Cybersecurity Listings

The listings indexed on this platform span the full spectrum of the US cybersecurity service sector — from federally regulated providers operating under NIST and CISA frameworks to state-licensed practitioners, critical infrastructure security vendors, and specialized consultancies serving sector-specific compliance requirements. Each entry represents a discrete organization or professional entity active within a defined segment of the cybersecurity landscape. The cybersecurity-directory-purpose-and-scope page details the selection criteria and editorial standards governing inclusion.


How listings are organized

Listings are structured around two primary classification axes: service category and regulatory context. Service category determines where a provider sits in the operational taxonomy — managed security services, incident response, threat intelligence, penetration testing, compliance consulting, OT/ICS security, or workforce training. Regulatory context indicates which federal or sector-specific frameworks govern the services delivered.

The organizing framework draws directly from the NIST Cybersecurity Framework (CSF 2.0, published February 2024) and the sector-specific overlays maintained by CISA under its Critical Infrastructure Protection mandate. Providers are further tagged by the 16 critical infrastructure sectors defined by Presidential Policy Directive 21 (PPD-21), allowing researchers to filter by energy, healthcare, financial services, defense industrial base, and 12 additional sectors.

Within each category, listings are ordered by geographic coverage first (national, multi-state, or single-state), then by verified credential status. Providers holding recognized certifications — such as CMMC (Cybersecurity Maturity Model Certification) for defense contractors or FedRAMP authorization for cloud services — appear with credential indicators distinct from non-certified entries.

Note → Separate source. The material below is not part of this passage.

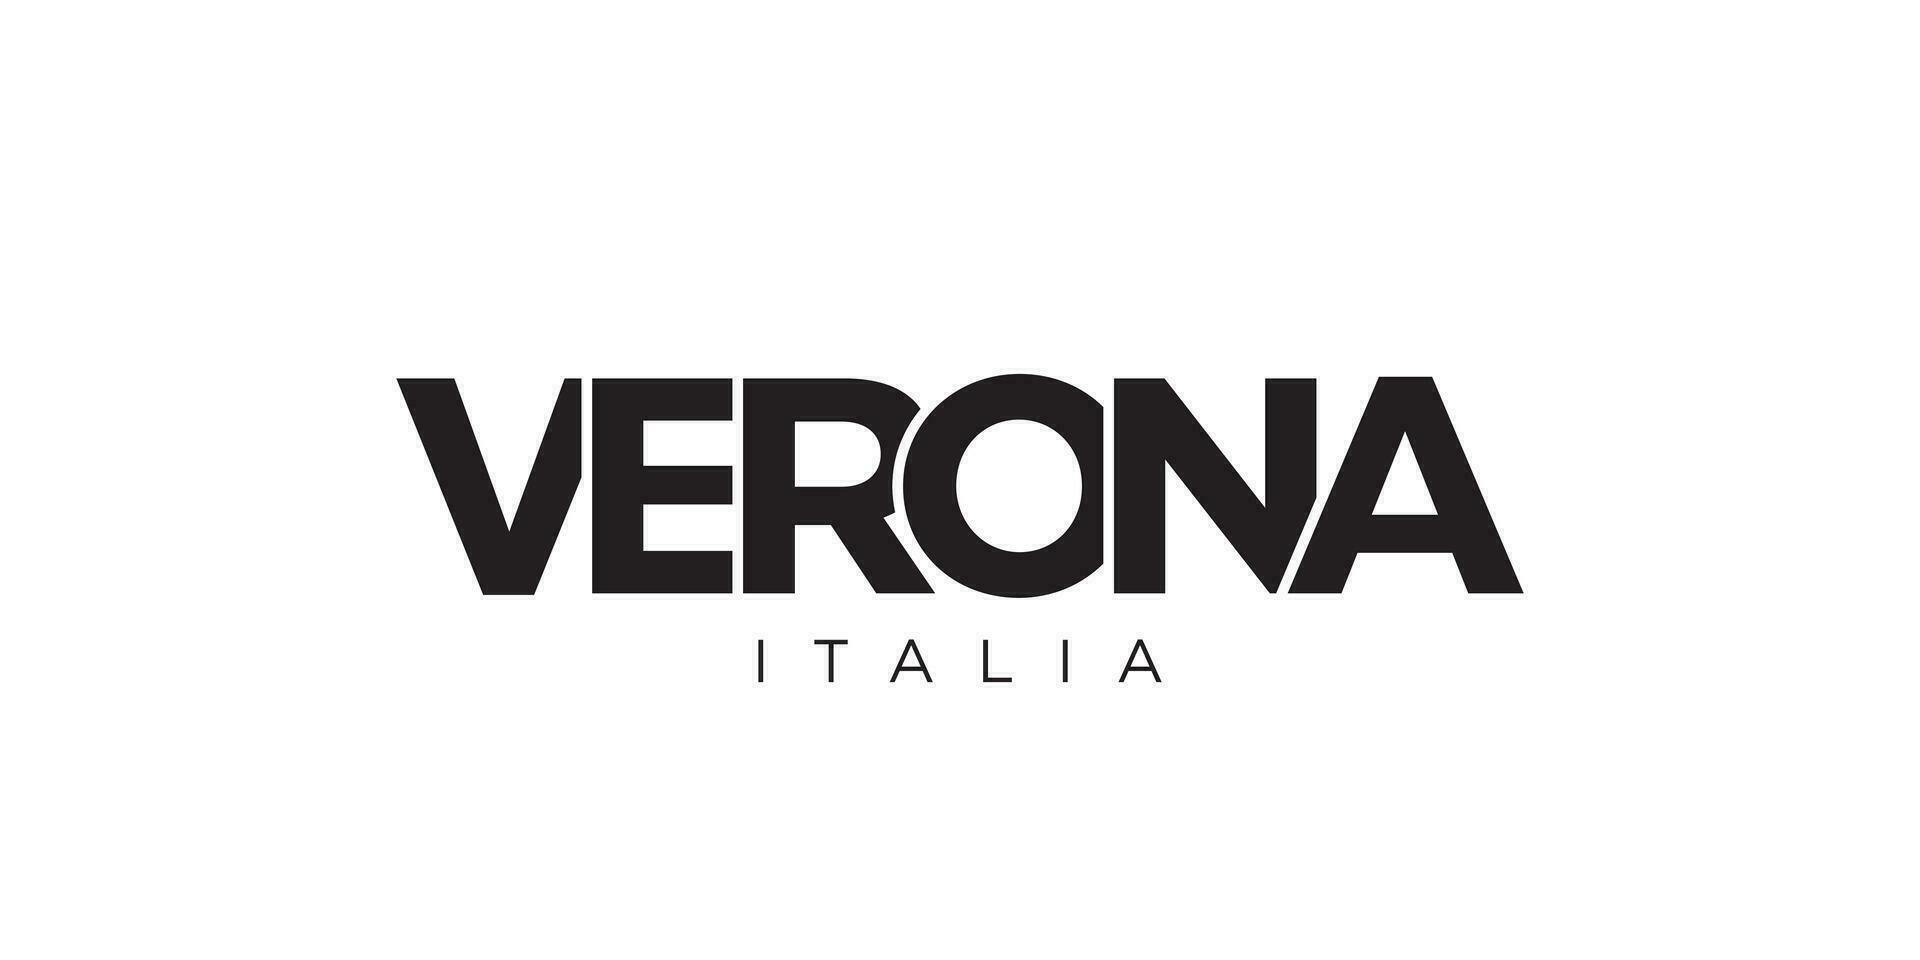 Verona en el italia emblema. el diseño caracteristicas un geométrico estilo, vector ilustración con negrita tipografía en un moderno fuente. el gráfico eslogan letras.

A second organizational layer separates commercial providers from nonprofit and public-sector entities, including ISACs (Information Sharing and Analysis Centers), state cybersecurity offices, and federally funded research centers. This distinction reflects materially different service delivery models and accountability structures.


What each listing covers

A standard listing entry contains 6 structured data fields:

  1. Entity name and legal status — corporate, nonprofit, government agency, or ISAC designation
  2. Primary service category — drawn from the NIST CSF function taxonomy (Govern, Identify, Protect, Detect, Respond, Recover)
  3. Sector specialization — alignment with one or more of the 16 PPD-21 critical infrastructure sectors
  4. Credential and certification status — including CMMC level, FedRAMP authorization tier, SOC 2 Type II attestation, or equivalent recognized qualification
  5. Geographic service footprint — national, regional (by census region), or state-specific
  6. Regulatory alignment — primary frameworks and statutes governing the provider's service domain, such as HIPAA for healthcare cybersecurity, GLBA for financial sector providers, or NERC CIP for energy sector operators

Listings do not include pricing, availability, or procurement terms. The directory functions as a reference index, not a marketplace. Entries referencing federal contractors additionally note whether the provider operates under DFARS 252.204-7012 requirements or holds active GSA Schedule positions.


Geographic distribution

The listings database reflects the uneven geographic concentration of the US cybersecurity industry. The highest provider density is found in 5 metropolitan clusters: the Washington DC/Northern Virginia corridor (home to the largest concentration of federal cybersecurity contractors nationally), the San Francisco Bay Area, New York City, Boston, and Austin/San Antonio. These 5 regions collectively account for a disproportionate share of national cybersecurity firm primary location, though many providers maintain distributed delivery models.

State-level programs and resources are indexed separately under state cybersecurity programs, which tracks the 50-state variation in regulatory requirements, state CISO offices, and grant programs funded through mechanisms such as the State and Local Cybersecurity Grant Program (SLCGP), authorized under the Infrastructure Investment and Jobs Act of 2021.

Providers serving rural or underserved markets — particularly relevant to small business resources and K-12 and higher education contexts — are flagged with a geographic reach indicator that distinguishes remote-delivery capability from physical presence.


How to read an entry

Each listing header displays the entity name followed by a bracketed category tag drawn from the service taxonomy. Below the header, the regulatory alignment field lists applicable frameworks in order of primary relevance — a healthcare IT security firm would list HIPAA/HITECH before NIST CSF, for instance, while a defense contractor would lead with CMMC level designation.

Credential indicators use a standardized symbol set:

The distinction between a managed security service provider (MSSP) and a cybersecurity consultancy is material to reading entries correctly. MSSPs operate continuous monitoring infrastructure and carry contractual SLA obligations for detection and response. Consultancies deliver project-scoped engagements — assessments, architecture reviews, compliance gap analyses — without ongoing operational responsibility. Both appear in the directory but are classified distinctly, reflecting the operational difference a service-seeker would encounter during procurement. Incident response firms represent a third category, often overlapping with MSSP services but distinguished by their 24/7 retainer structures and alignment with national incident response protocols.